Испугало Жамочку искаженное лицо Абрама. И потом он рассказывал телеграфисту, выкрикивая в форточку:

— Злой, очень злой был! И духам даже было страшно: они его тряпкой прикрыли. На другого — ничего, смотрели, а Абрама прикрыли.

Спрашивал еще, стараясь помочь себе в той непривычной работе, которую совершал его мозг после казни Ленчицкого:

— Хорошо они сделали или худо? И если хорошо, то почему злой?

Телеграфист не знал, что ответить на этот вопрос, и молчал. Не хотел толкать Жамочку на тот же путь, так как все еще надеялся, что его могут помиловать. И Жамочка отвечал сам себе:

— Должно быть, хорошо. Ведь теперь уже их не будут вешать.

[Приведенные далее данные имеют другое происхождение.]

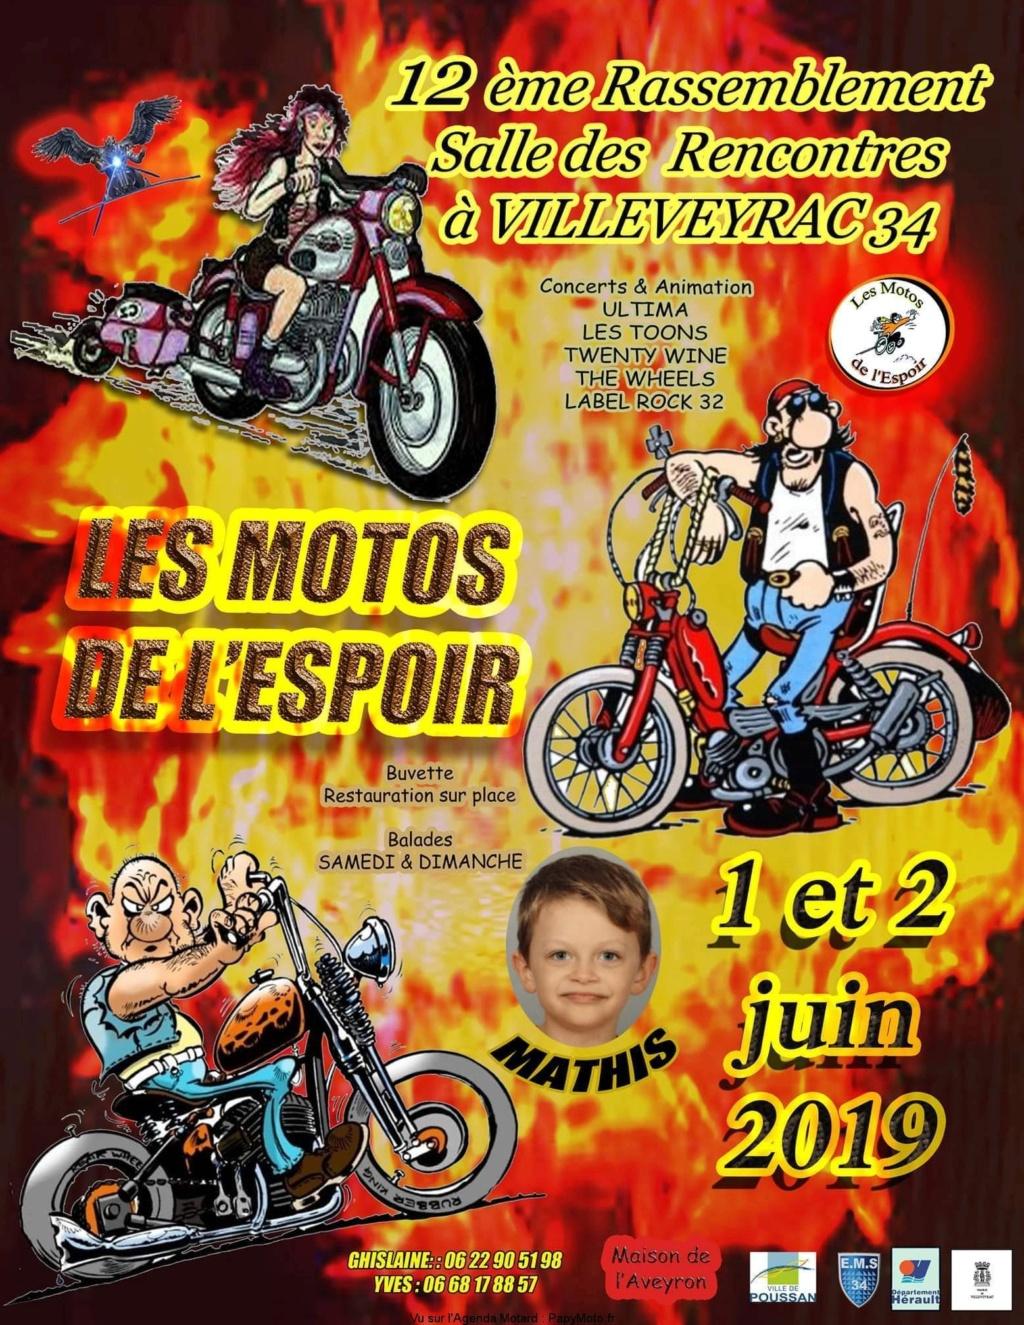 Rassemblement - 1 er & 2 Juin 2019 - Villeveyrac  (34) 12e-ra10

Странная, гнетущая пустота была в малом коридоре без Абрама. Так привычно было слышать его голос, то негодующий, то веселый, с резким горловым акцентом. И в глубине души никто не верил, что Абрам умер. Просто ушел куда-то. Сумел перешагнуть ту черту, которая отделяет малый коридор от всего остального мира. И там, за чертой, может быть, теперь развернулся уже его дух, освобожденный от цепей и сумрака камеры. О политическом думали мало, связывали его в одно целое с Абрамом.

— Случись это на воле, — сказал бродяга, — то я и не баба, а стал бы плакать. А тут вот, не плачем, говорим себе. И не так уж жалко. К смерти мы привыкли или что другое?

— К смерти нельзя привыкнуть! — отрицательно качал головой телеграфист. — Только к ней и нельзя. А ко всему другому можно. И если с человека каждый день понемножку сдирать кожу, так он тоже привыкнет. Так и мы. Нам теперь все равно.

— A ему, значит, было не все равно. Иначе не удавился бы сам, а ждал бы, когда другие удавят. У него душа горячая была. Не такая, как у нас. Мы здесь замерзаем, а он горел.

Но не договаривали до конца, не спрашивали себя прямо, без недомолвок:

«Чего же мы ждем еще? Пора уже. Ведь впереди — только лишние мучения. Чего же мы ждем?»

Человек без имени очень страдал, часто не мог удерживать стонов, и тогда телеграфист старался незаметно затыкать уши, чтобы ничего не слышать.